GUI Agent Code Review
A specialized code review skill for GUI automation projects that applies domain-specific criteria across five key areas: LLM prompts, execution debugging, context optimization, action design, and screenshot/coordinate handling.
When to Use
Apply this skill when reviewing:
- •Changes to core agent logic (main orchestrator, context manager)
- •LLM prompt modifications (system prompts, planning prompts)
- •New action types or input controller changes
- •Screenshot handling or coordinate system changes
- •Context management or token optimization code
- •Any pull request to a GUI automation project
Review Process
1. Identify Changed Domains
First, categorize the changes by domain:
| Domain | Files/Patterns | Key Concerns |
|---|---|---|
| Prompts | SYSTEM_PROMPT, *_PROMPT, prompt strings | Clarity, token efficiency, structured output |
| Debugging | Executor, error handling, logging | Failure traceability, recovery paths |
| Context | context_manager.py, history handling | KV-cache stability, token budget, compression |
| Actions | ActionType, InputController, _* methods | Schema consistency, PyAutoGUI safety |
| Screenshots | ScreenController, grid overlay, coordinates | Normalized coords, resolution handling |
2. Apply Domain-Specific Criteria
For each domain touched by the changes, apply the relevant review criteria from the checklist in references/review-checklist.md.
3. Assess Cross-Domain Impact
Check for cross-domain concerns:
- •Prompt → Action: Do prompt instructions match available action types?
- •Action → Screenshot: Do new actions handle coordinate normalization?
- •Context → Prompt: Does context compression preserve critical prompt info?
- •Screenshot → Debugging: Are coordinates logged for failure analysis?
4. Provide Structured Feedback
Format review feedback as:
## Code Review: [file/feature] ### Domain: [domain name] **Severity**: [Critical/Important/Minor] **Issue**: [Description] **Suggestion**: [How to fix] **Reference**: [Line number or code snippet]
Quick Reference: Critical Checks
Prompts (from prompt-engineer domain)
- • Clear, unambiguous instructions
- • Structured output format specified (JSON schema)
- • Token-efficient (no redundant examples)
- • Consistent terminology with codebase
Debugging (from plan-debugger domain)
- • Errors include context (what was attempted, what failed)

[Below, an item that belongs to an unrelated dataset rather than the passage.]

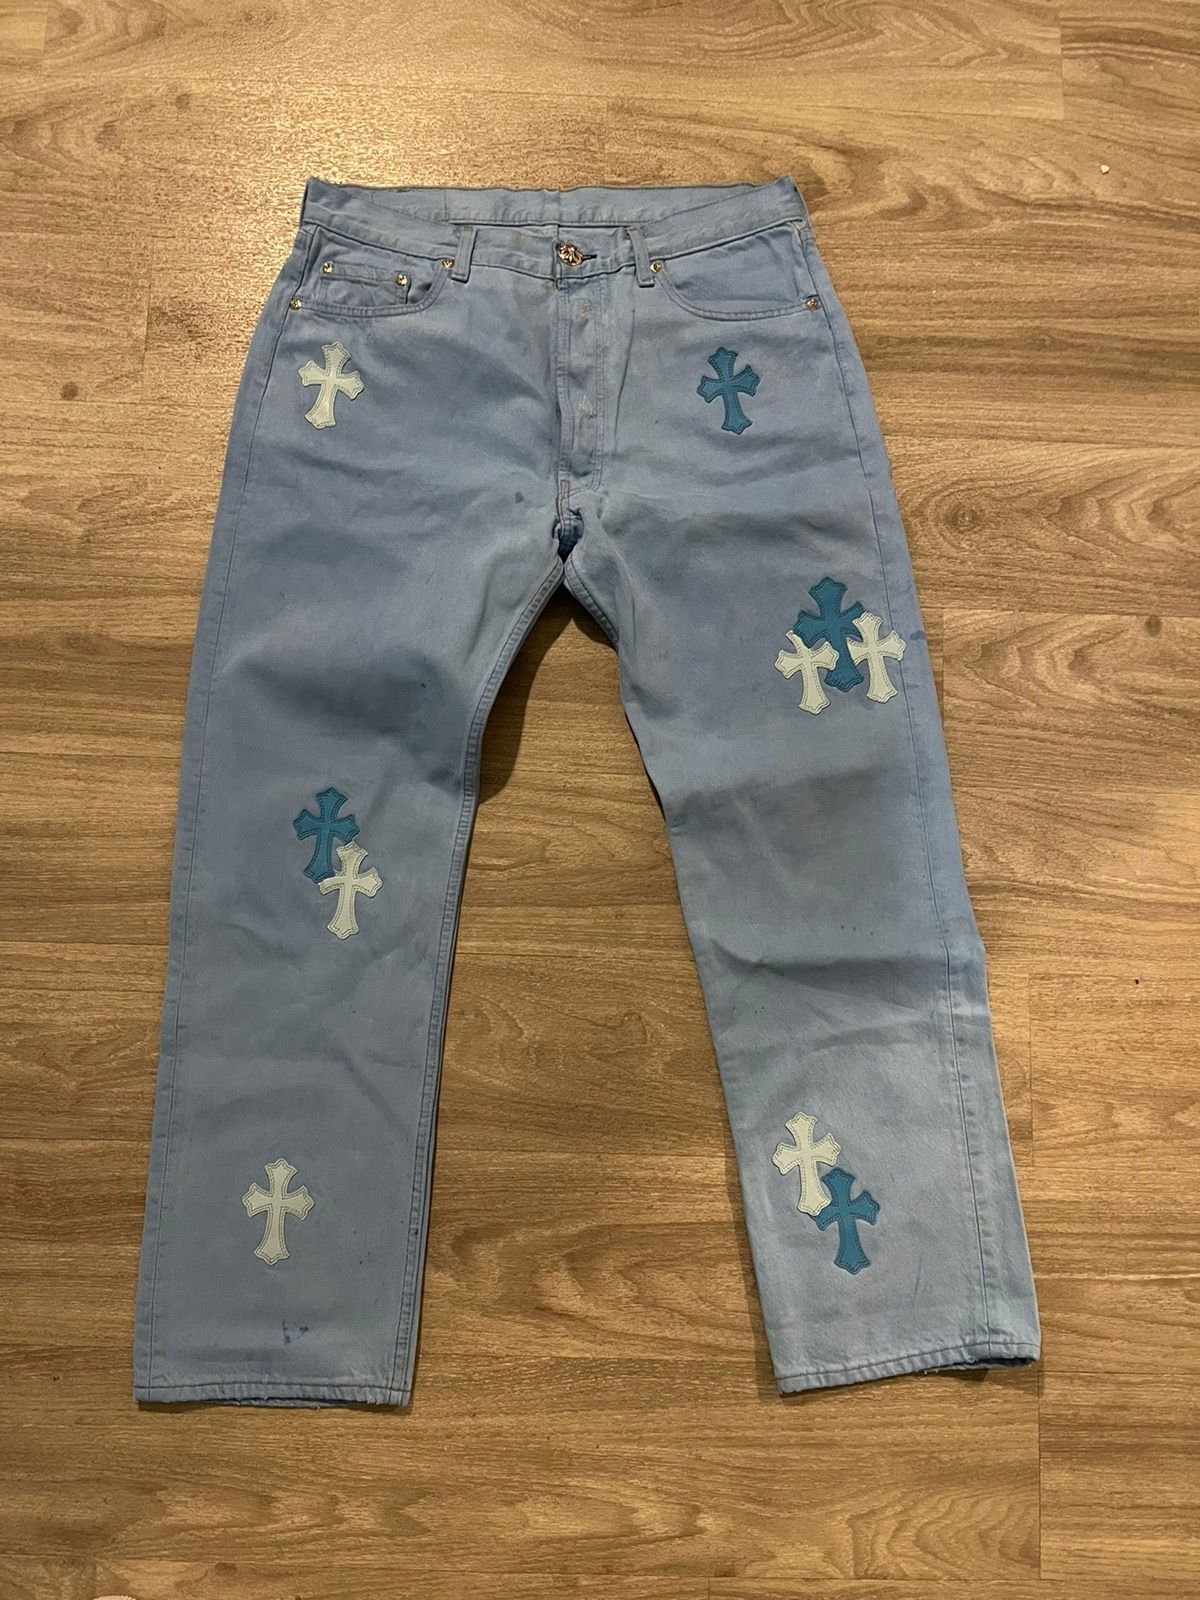 Chrome Hearts x Drake Certified Lover Boy Vintage Levi's Jeans Washed Blue  (Miami Exclusive) Men's - US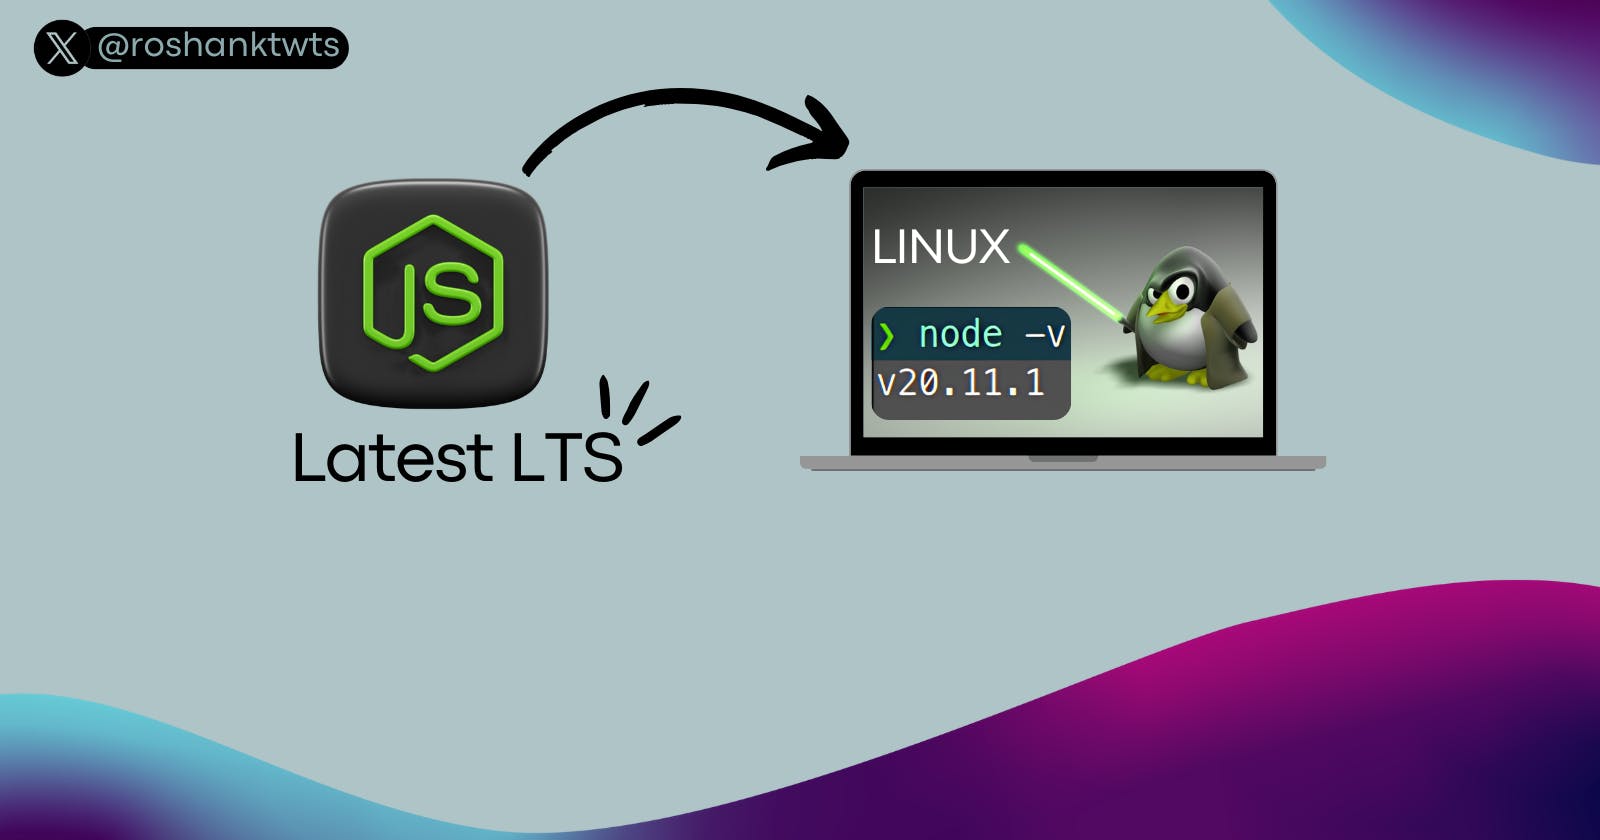 How to install the latest LTS version of "NodeJS" in "LINUX"?

- • Screenshots saved before/after actions
- • Action results logged with coordinates
- • Recovery paths for common failures
Context (from context-optimizer domain)
- • Stable prefix never modified after init
- • History compression preserves task-critical info
- • Token budget respected (check ContextConfig)
- • Checkpoint/restore compatibility maintained
Actions (from action-designer domain)
- • ActionType enum updated for new actions
- • NextAction model has required fields
- • InputController.execute() handles new type
- • Appropriate action_delay after execution
- • Error handling returns (False, "message")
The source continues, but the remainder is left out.